Transcript
Hello, everybody, welcome to today. Well, the S&P 500 was down almost 2.4%. Today, unfortunately, and it was a fairly broad sell off, I’m often talking about the 415 targeted stock market indexes that I’m following. Only nine of them were positive today and the rest are negative. So pretty big day as far as that goes, unfortunately. And, you know, we’re doing, you know, issues right now, one being the stimulus package isn’t going to happen, not happen. I think that’s the biggest issue, because is the economy strong enough as it is to keep things rolling? Or do we need more money. And so that’s what we’re going to be kind of finding out. And that’s what the market is thinking about there, too.

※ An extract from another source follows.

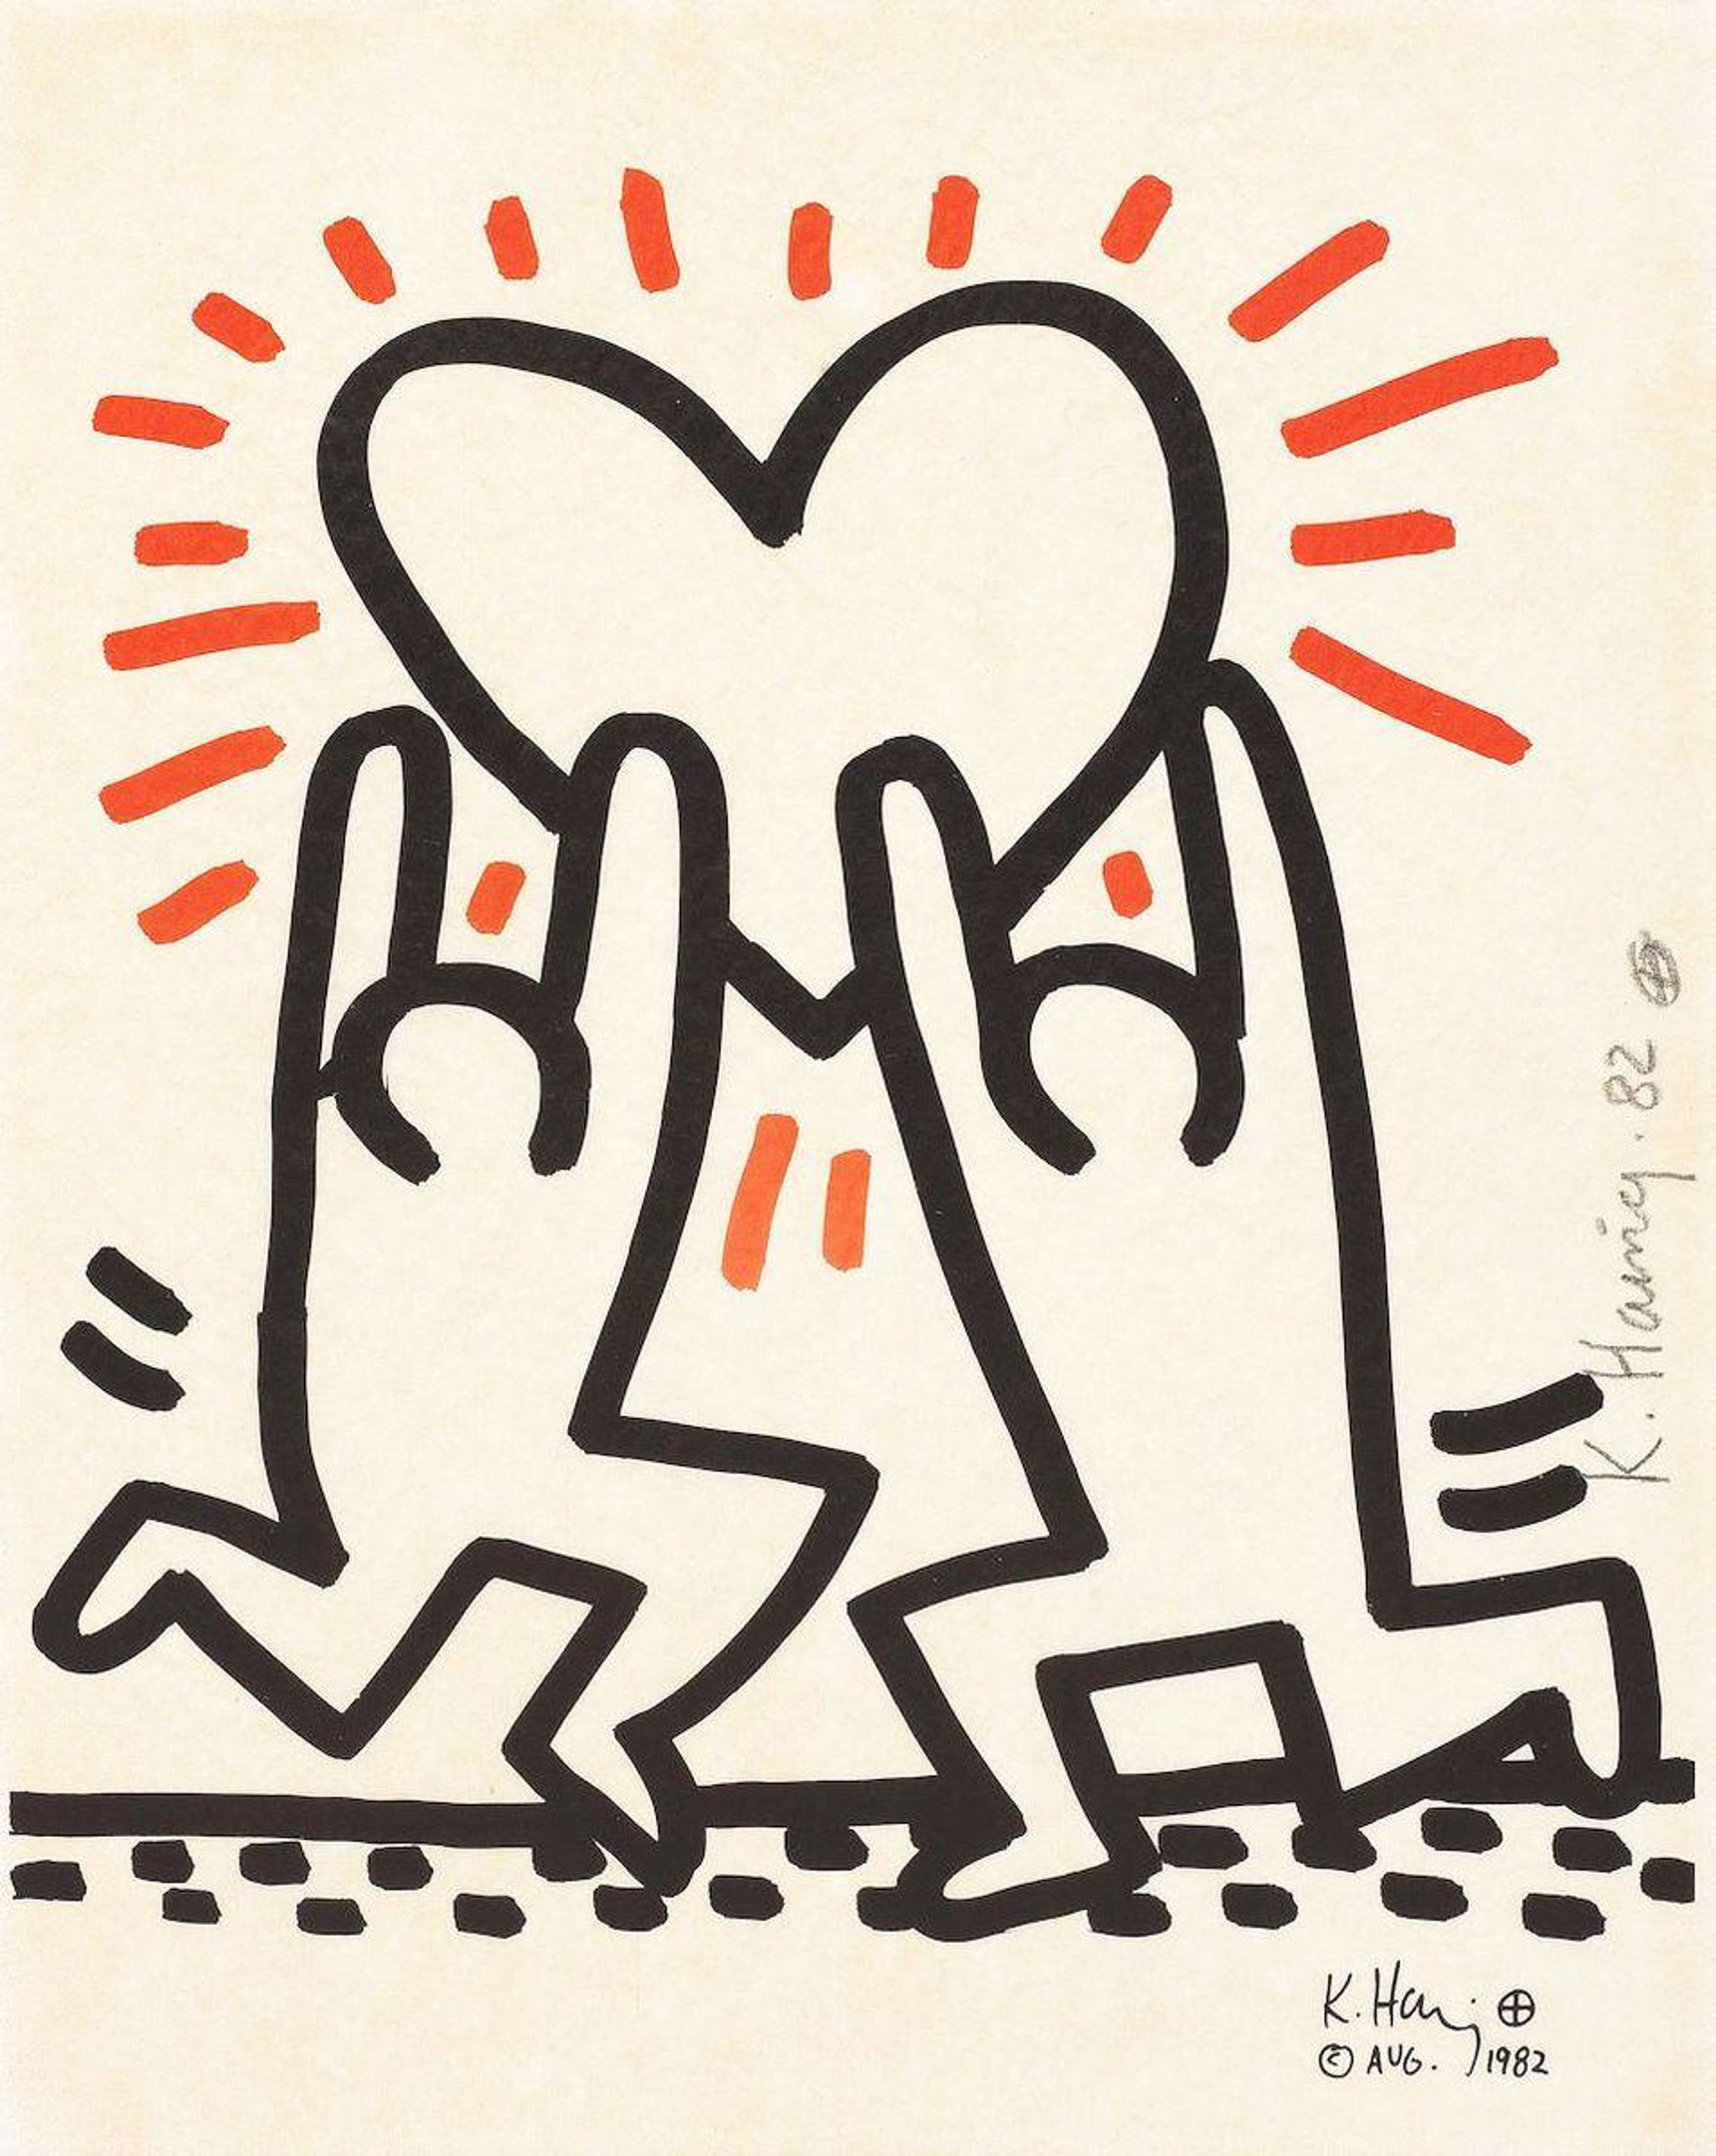 Bayer Suite 1 by Keith Haring. Two cartoon figures are deipcted with arms up in front of a heart, with radiating red lines.

But the presidential election is another area. And this is something I’m going to dig into for those of you that are attending the lunch with Tom, I want to thank everybody that has signed up so far. And basically, what I’ve done so far is just take a look at the last 10 election. So 40 years, going back to 1980. I’m going to take the S&P 500 investment in Vanguard, okay. And so according to Morningstar, if we look at the three months before each one of those elections, the average rate of return was .8%. So basically breakeven, that three months after each of those 10 elections, the average rate of return was 4.8%. positive.

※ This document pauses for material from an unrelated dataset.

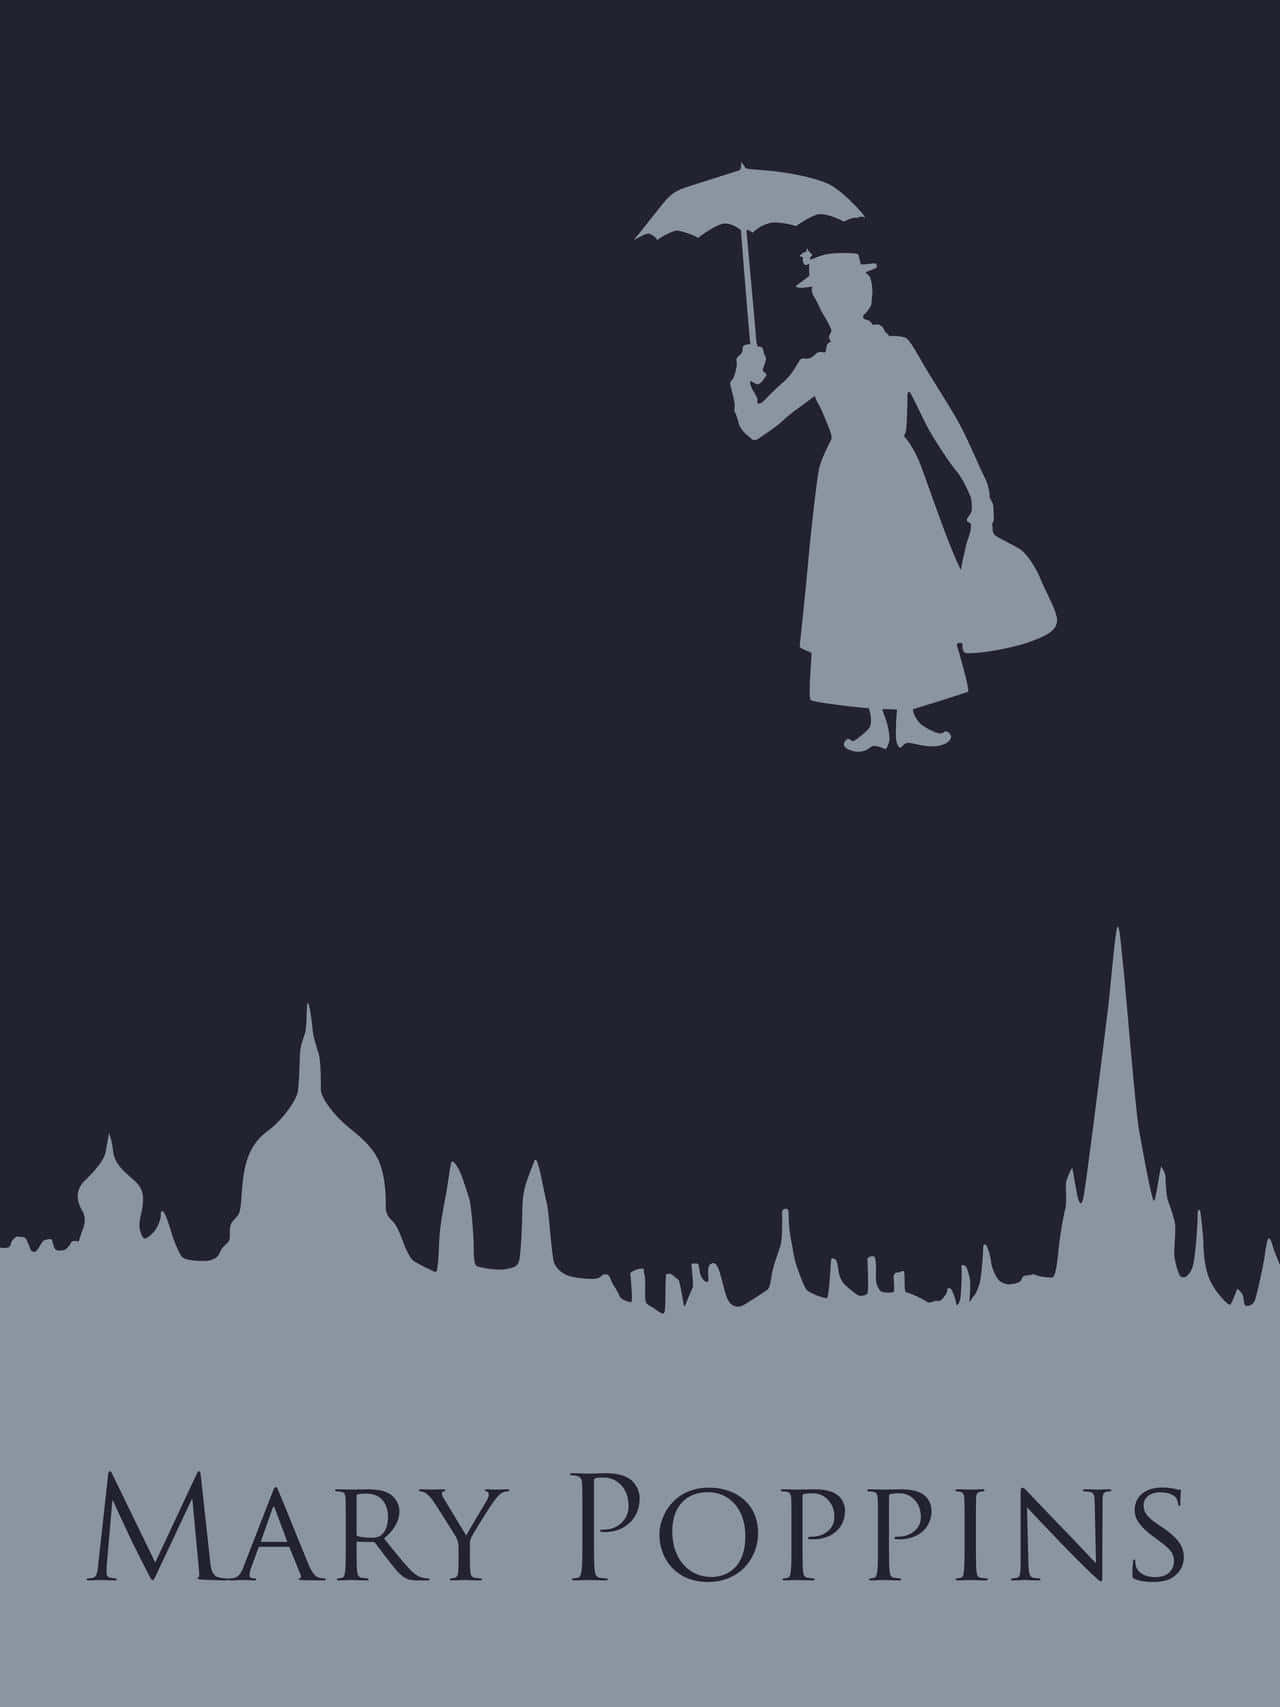 Caption: Mary Poppins Smiling With Her Magical Umbrella Wallpaper

So just to summarize, before an election, the market generally goes sideways. And then after election, it goes up. It makes some sense, there’s some, you know, concerns about who’s going to be president and then once we know that certainty certainly helps. There’s some seasonality that plays in there also, and whatnot, too. But there are a couple of interesting exceptions. There’s only two times that the market was down in the three months after presidential election, once was in 2008. That’s really we were in the middle of a massive, you know, financial, worldwide disaster that was happening. And so that makes some sense.

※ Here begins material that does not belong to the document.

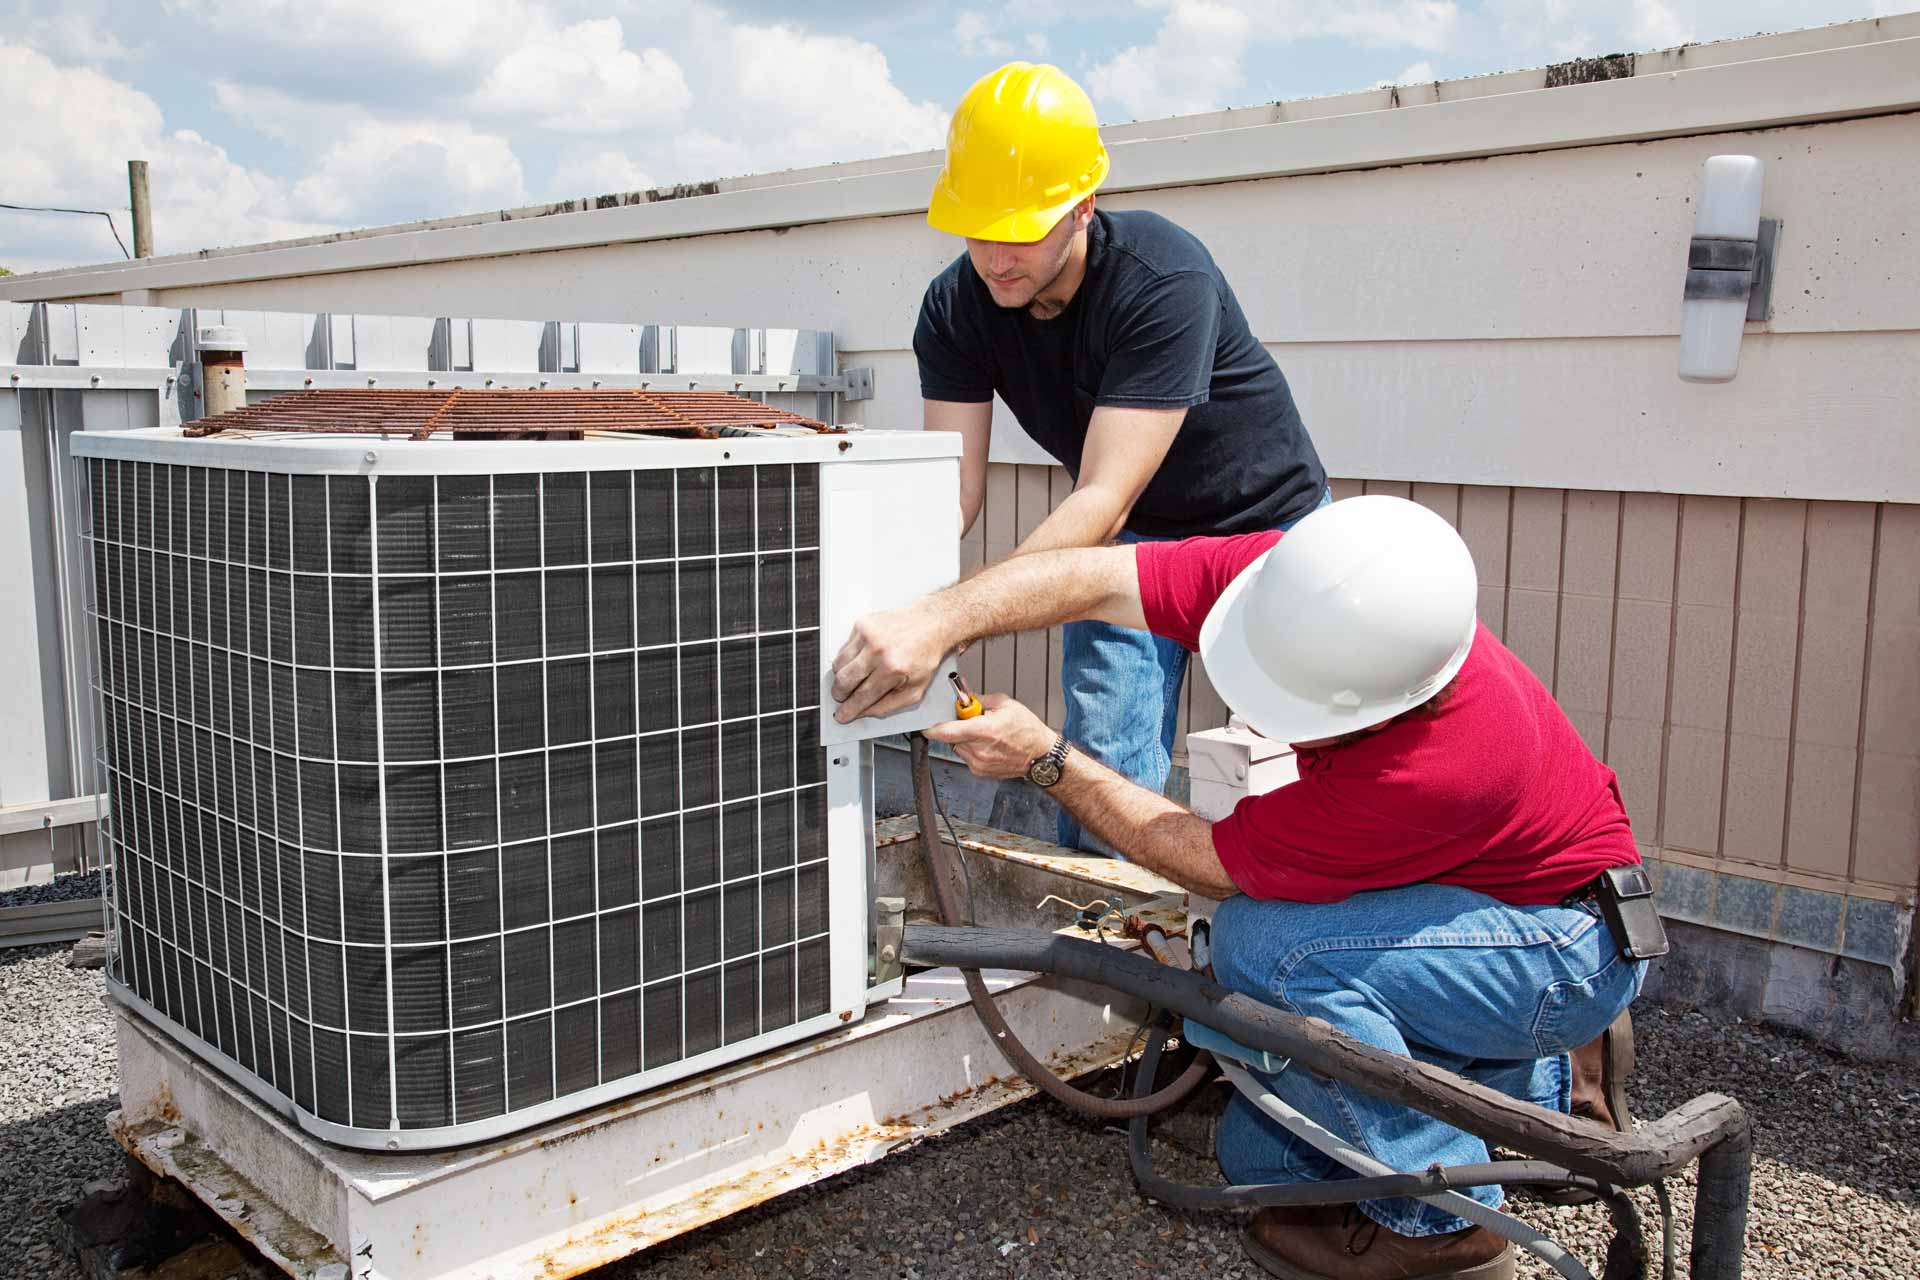 Two workers on the roof of a building working on the air conditioning unit

The other one instantly enough was in 2000, where we had a contested election. And of course, that’s what people are concerned about. Now. That was down 6.1%. You know, so not terrible, as far as that goes. But that is why there’s some, you know, talk about that. And it’s why I’ll talk about it in the lunch with Tom, just because I am getting a lot of questions about it, we can dig into that a little bit deeper. If we look at the three months, you know, before this election, that would start on August 3. And if we look at that, up until today, the S&P 500 is down about .8%. So really, pretty much in line with the average that we’ve seen long term over that 40 year period so far, you know, we’re not there yet. So we’ll see what happens. But so anyway, that’s what’s happening right now. I look forward to seeing what’s going to happen tomorrow. See if we get a bounce and I will talk to you then. Thank you very much.